WORK TO COMPLETE — Find the line that holds "Hallmark Christmas Shirt", then repeat it and each line below it word for word through the end of the listing, leaving out pictures.

GIVEN INFORMATION —
----

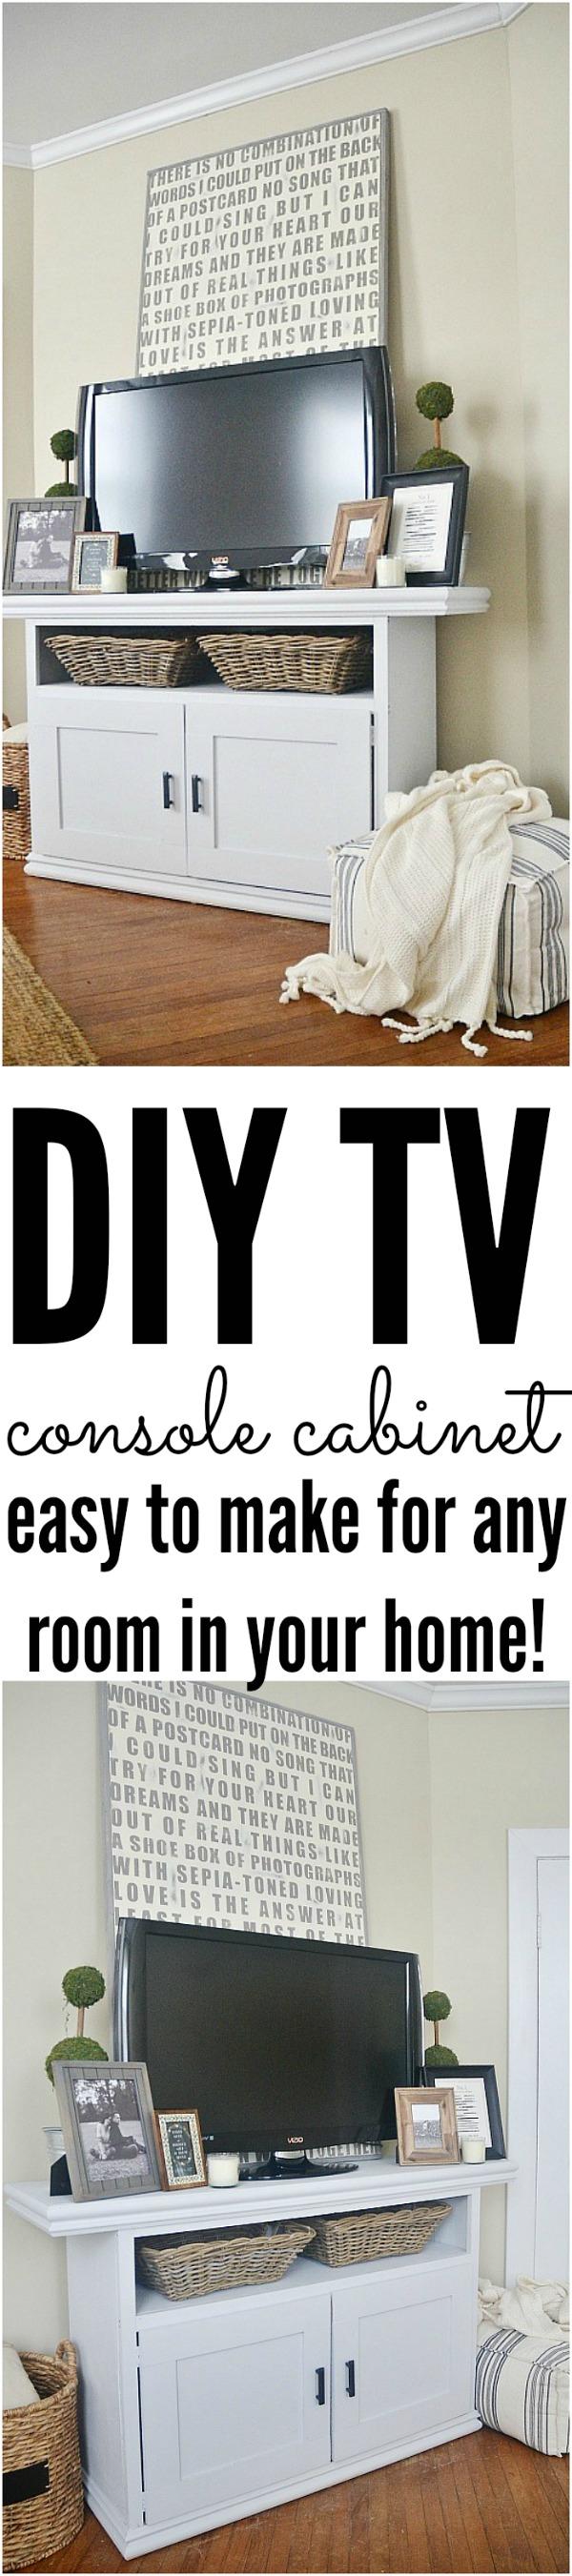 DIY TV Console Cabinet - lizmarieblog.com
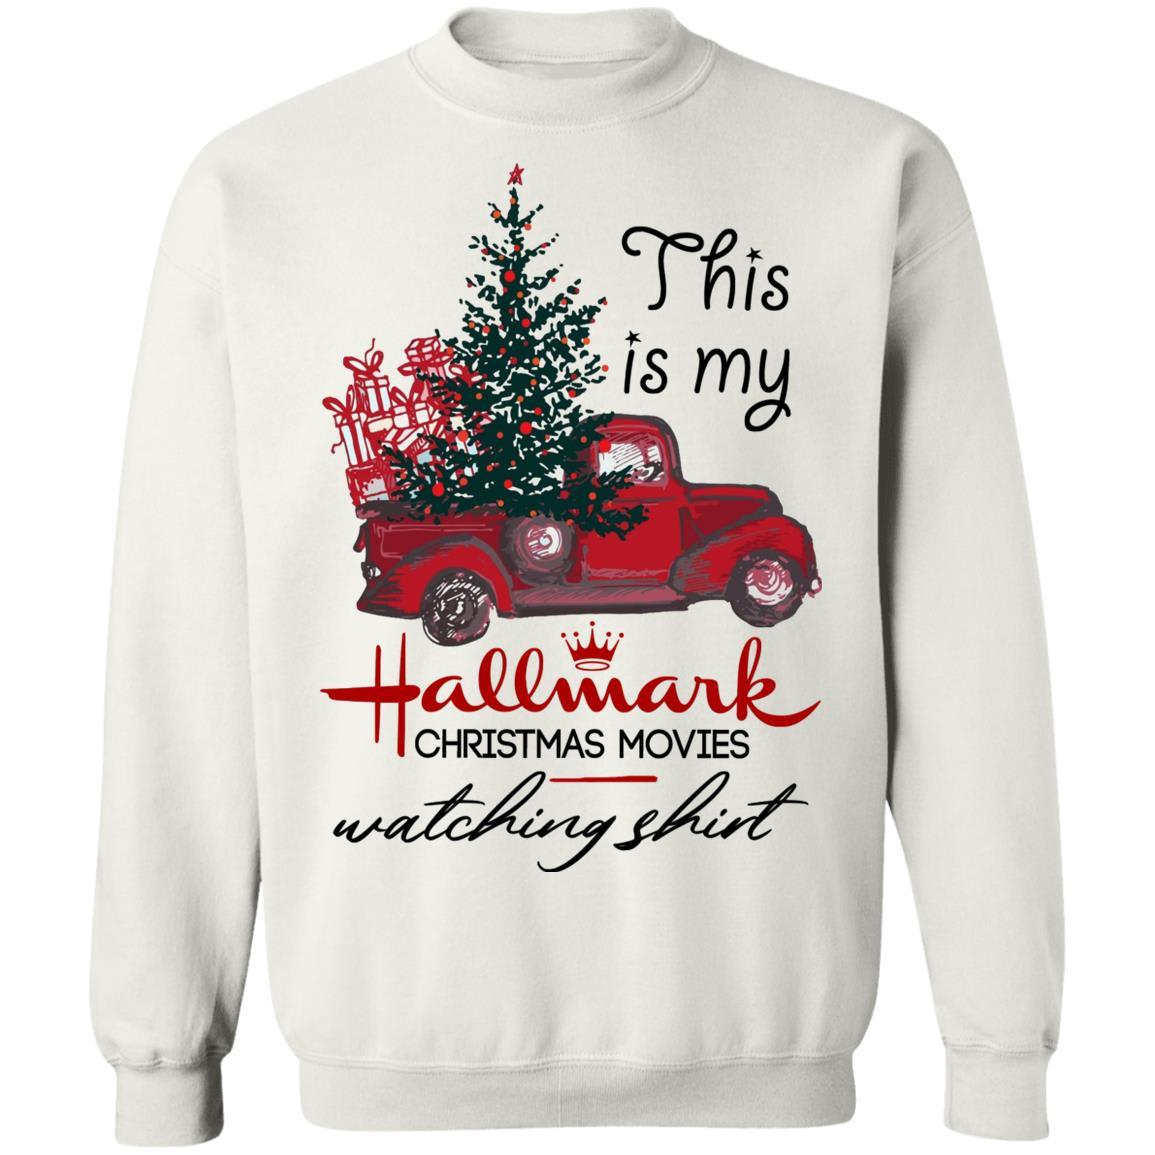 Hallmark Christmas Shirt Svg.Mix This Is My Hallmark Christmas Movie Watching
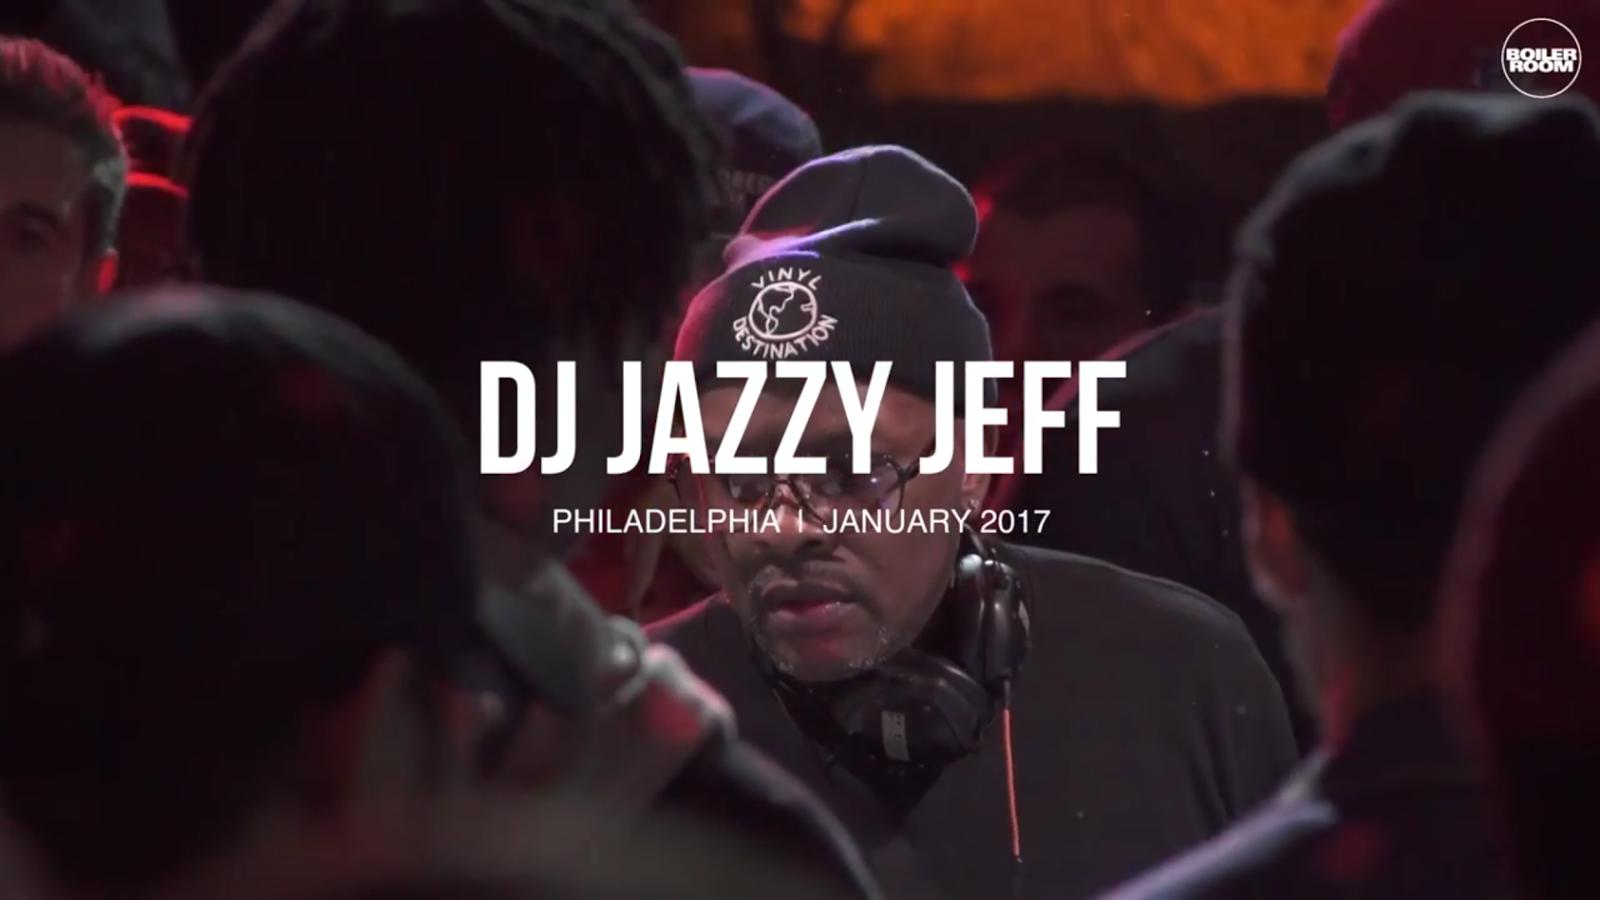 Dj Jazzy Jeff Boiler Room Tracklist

----

ANSWER SECTION —
 Hallmark Christmas Shirt Svg.Mix This Is My Hallmark Christmas Movie Watching
 Dj Jazzy Jeff Boiler Room Tracklist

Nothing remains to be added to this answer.